それでも気を取り直して、俺たちはあみ姫ちゃん(3~4歳って聞くと、なんか姫様って感じがしなくって)の特徴を聞いた。
「じゃぁ、身分を隠すためにあの頃の普通の子供みたいに、おかっぱ頭で丈の短い着物を着てるのね。」
「そうじゃ。赤い格子柄の着物を召されておる。」
メグの質問に一之助は頷いてそう答えた。
「今時そんな着物着てる子なんていないし、そんな小さい子がそんな恰好してたら目立つわよ。もう保護されてるかも。」
保護、警察か!それ考えてなかった。そうだよな、そんな変わった恰好のチビがひとりで歩いてたら保護されないはずはない。
「交番に行ってみるか。」
「うん、行こう!」
それで、俺たちは近くの交番に向かった。交番には若い警官が暇そうに座っていた。
「あのぉ、丈の短い赤い着物をきた3~4歳の女の子の迷子の届出ってないですか。」
別に悪いことしてる訳じゃないんだけど、俺は恐る恐るそう聞いた。
「迷子?君の妹かな。本署に問い合わせてみるから、その子の住所と名前は?」
俺がそう聞くと、警官は筆記用具を持ってそう尋ねた。ヤバっ、住所!!もちろん戦国時代にも住所くらいあるんだろうけど、その住所が今の何処なのかもかも解んないし、戦国時代そのままの地名なんて交番で使える訳ないじゃん。
「あ、いたいた…あみちゃんこっちよ!」
その時、メグがそう言って走り出した。
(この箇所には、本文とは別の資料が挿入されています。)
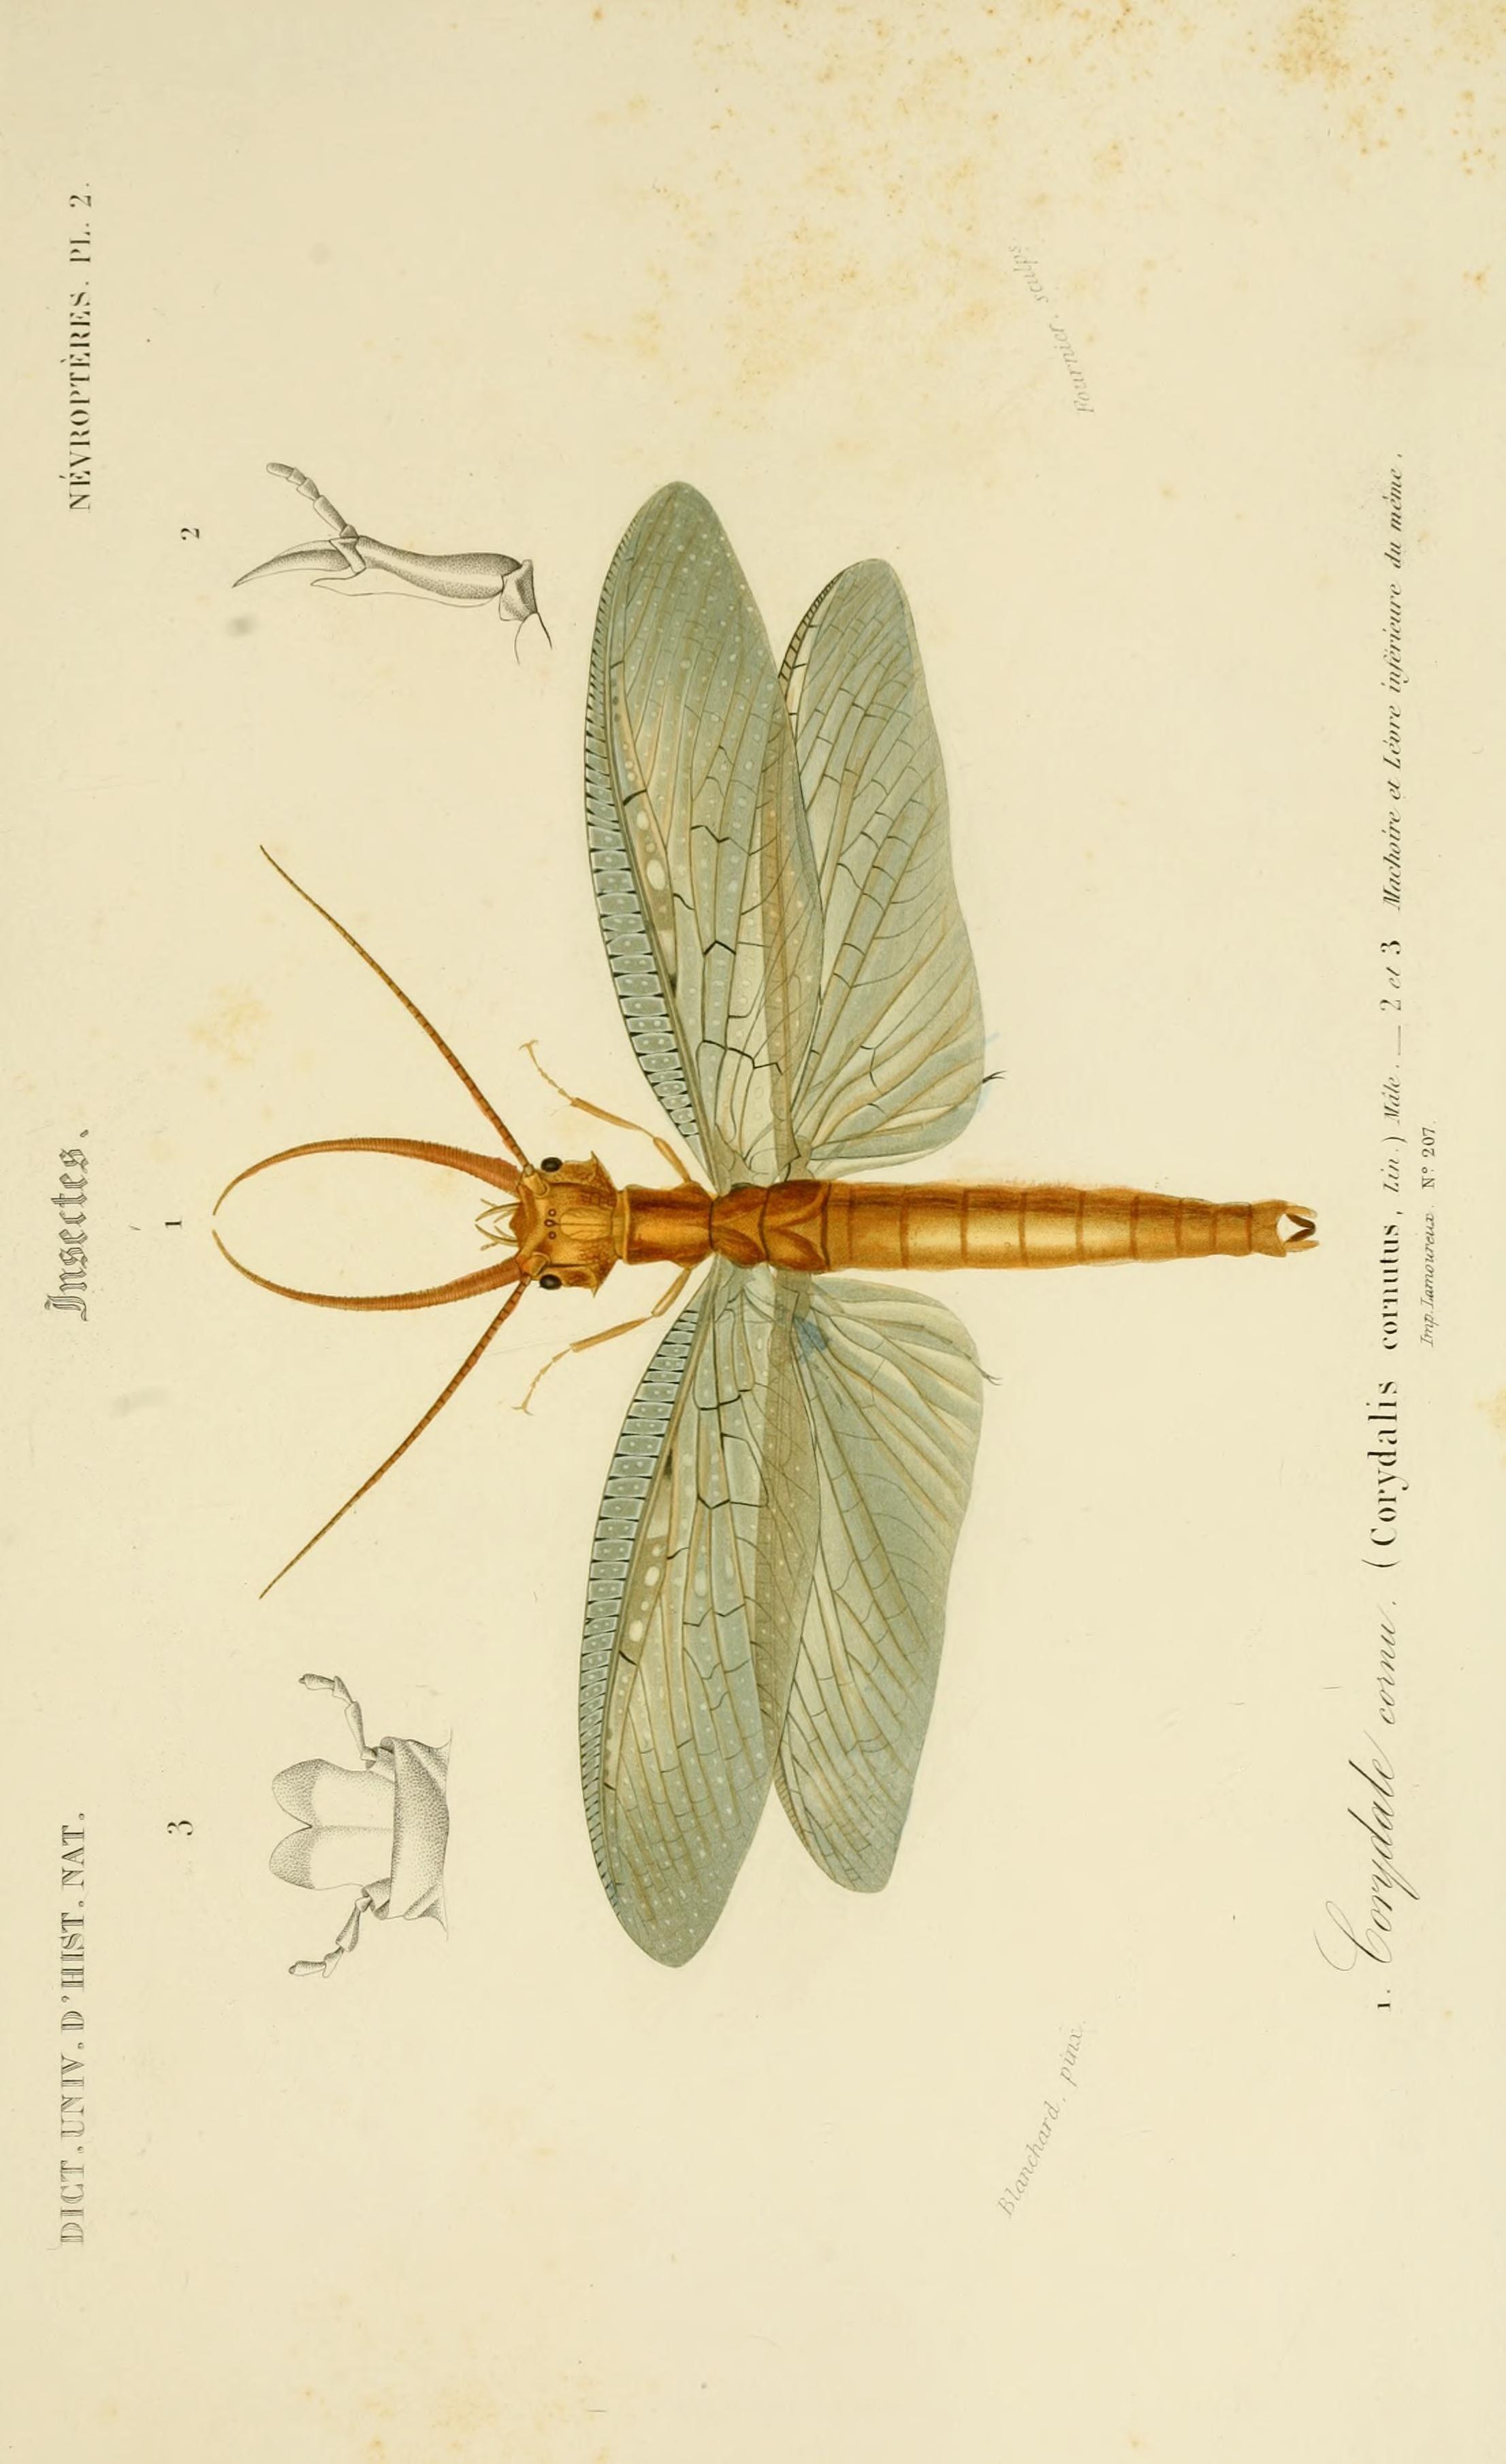 Dragonfly sketch- fastest predato in the Entomology world ...

慌てて、俺と一之助が後に続く。だけど、少し離れた角を曲がって、メグの足がピタッと止まった。
「姫様、姫様はどこじゃ!」
「ゴメン、ウソ。」
姫様を探してきょろきょろする一之助にメグは頭を下げた。
「謀ったのか?!何故じゃ、あの御仁に探すのを手伝ってもらうのではないのか!!」
でも、それがウソだと言われて一之助は激怒した。
「ゴメン、あの場合、ああ言うしかなかったの。普通迷子だったら警察に探してもらうのが一番いいんだけど、それには何処に住んでいるのかわからないとダメなのよ。あの頃の住所と今の住所は全然変わってるし、戦国時代から来たって正直に話しても解ってもらえないのよ。」
「その方たちは信じてくれたではないか!」
「普通は信じてもらえない。警察では却って怪しまれるよ。マズったよ、なんで住所にもっと早く気付かなかったかな。」
「地味に聞き込みするしかないわね。」
一之助は、イライラと足を踏みならしていた。俺たちはそれに何の言葉もかけてやることが出来ずに、しばらく誰も口を開かなかった。
やがて、のろのろと動きだした俺たちは、地味に聞き込みをしてはみたけど、やっぱりそれらしい女の子はいなくて、その内長い夏の日もとっぷり暮れてしまって、田舎の住宅街には人っ子一人出ていない状態になった。
「今日はここまでかな。」
「そうね、誰も出ていないんじゃ、聞きようもないわ。」
俺の言葉に、物言いたげな一之助の顔を見ながらメグが念押しする。
「一之助、帰るぞ。」
「帰るとは、何処へじゃ。」
「決まってんじゃん、俺んちだよ。今日は何とか理由こじつけてウチで寝られるようにしてやっからさ。」
「かたじけない。」
一之助は口では礼を言っていたが、その本心はまだまだ姫様を探したいというのがありありとわかった。だからと言って、むやみに不眠不休で探したって見つかるってもんじゃない。そんな目立つ格好で歩いていたら、地元のケーブルテレビで迷子放送をしてくれるかもしれないし。そんな事をいちいちと一之助に解かる様に説明するには俺は疲れ過ぎていた。
俺はメグと赤外線でメアドを交換すると、メグに手を振ってすたすたと自宅に向かって歩き始めた。
「伊倉殿、今日はいろいろと世話になった。礼を申す。では、御免。」
一之助はそう言って俺の後に続いた。